Title: SCN2A severe hypomorphic mutation decreases excitatory synaptic input and causes autism-associated behaviors
Affiliation: Cardiovascular Research Institute, Feil Family Brain and Mind Research Institute, Pediatric Neurology, Department of Pediatrics, Weill Cornell Medicine, New York, New York, USA, Weill Cornell Medicine, Center for Autism and the Developing Brain, White Plains, New York, USA, Weill Cornell Autism Research Program, and Sackler Institute for Developmental Psychobiology, Department of Psychiatry, Weill Cornell Medicine, New York, New York, USA
Authors: Hong-Gang Wang, Charlotte C. Bavley, Anfei Li, Rebecca M. Jones, Jonathan Hackett, Yared Bayleyen,1 Francis S. Lee, Anjali M. Rajadhyaksha, and Geoffrey S. Pitt
Reference: JCI Insight 2021;6(15):e150698
We thank Geoffrey Pitt for providing us with a summary of their work.
SCN2A encodes a sodium channel that helps neurons send electrical signals. So-called ‘gain-of-function’ mutations make the channel hyperactive and can lead to epilepsy, whereas ‘loss-of-function’ mutations diminish its activity and are typically associated with autism.
What did we find?
This study confirms previous work showing that autism-linked mutations in SCN2A dampen channel activity in neurons. However, the new finding is showing that this genetic change in the sodium channel is linked to clear changes in behavior.
What does this mean?
By showing the direct relationship between genetic changes in sodium channel function and behaviour, it gives us greater confidence that treatments directed towards correcting loss of function in the sodium channel would be expected to reduce autism behaviors.
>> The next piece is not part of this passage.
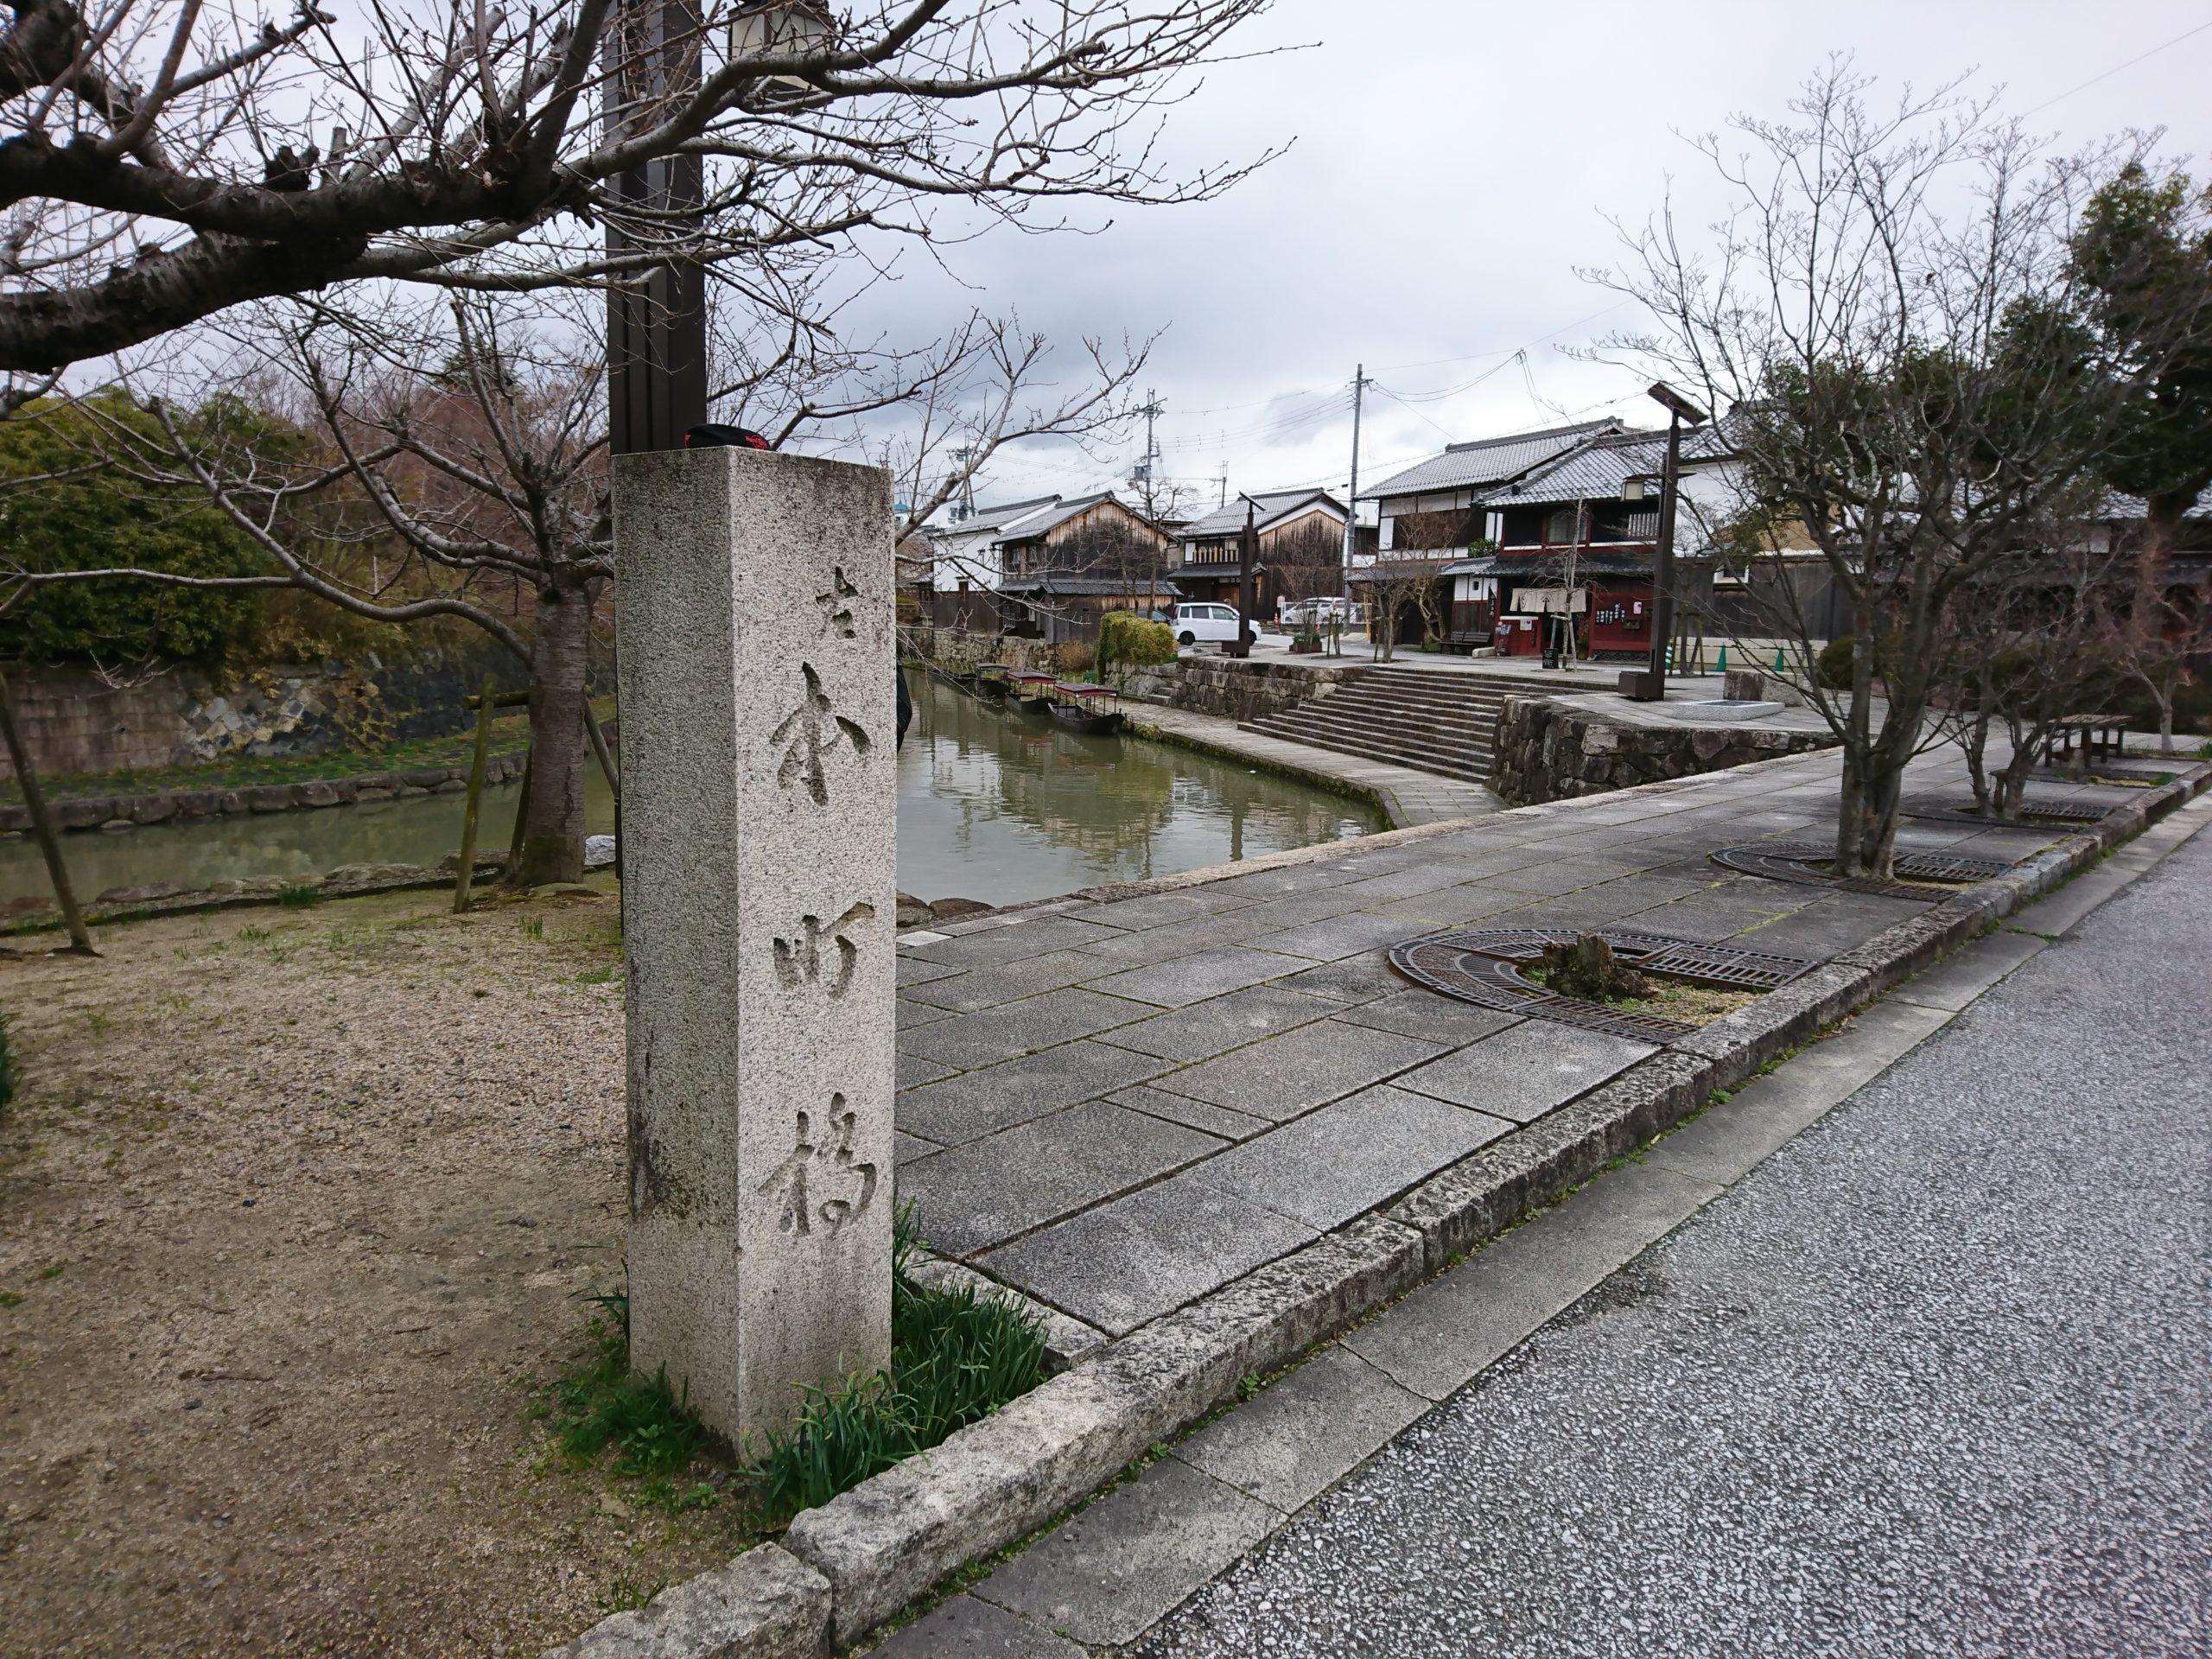 PV近江びわ湖から近い観光地近江八幡の街並み

How you think this helps future research move forward?
This research helps give a broader understanding of the link between autism and autism-like behviors and sodium channel function. This will help not only those with genetic changes in sodium channel function, such as SCN2A loss of function mutations, but may also help develop treatments for autism spectrum disorder.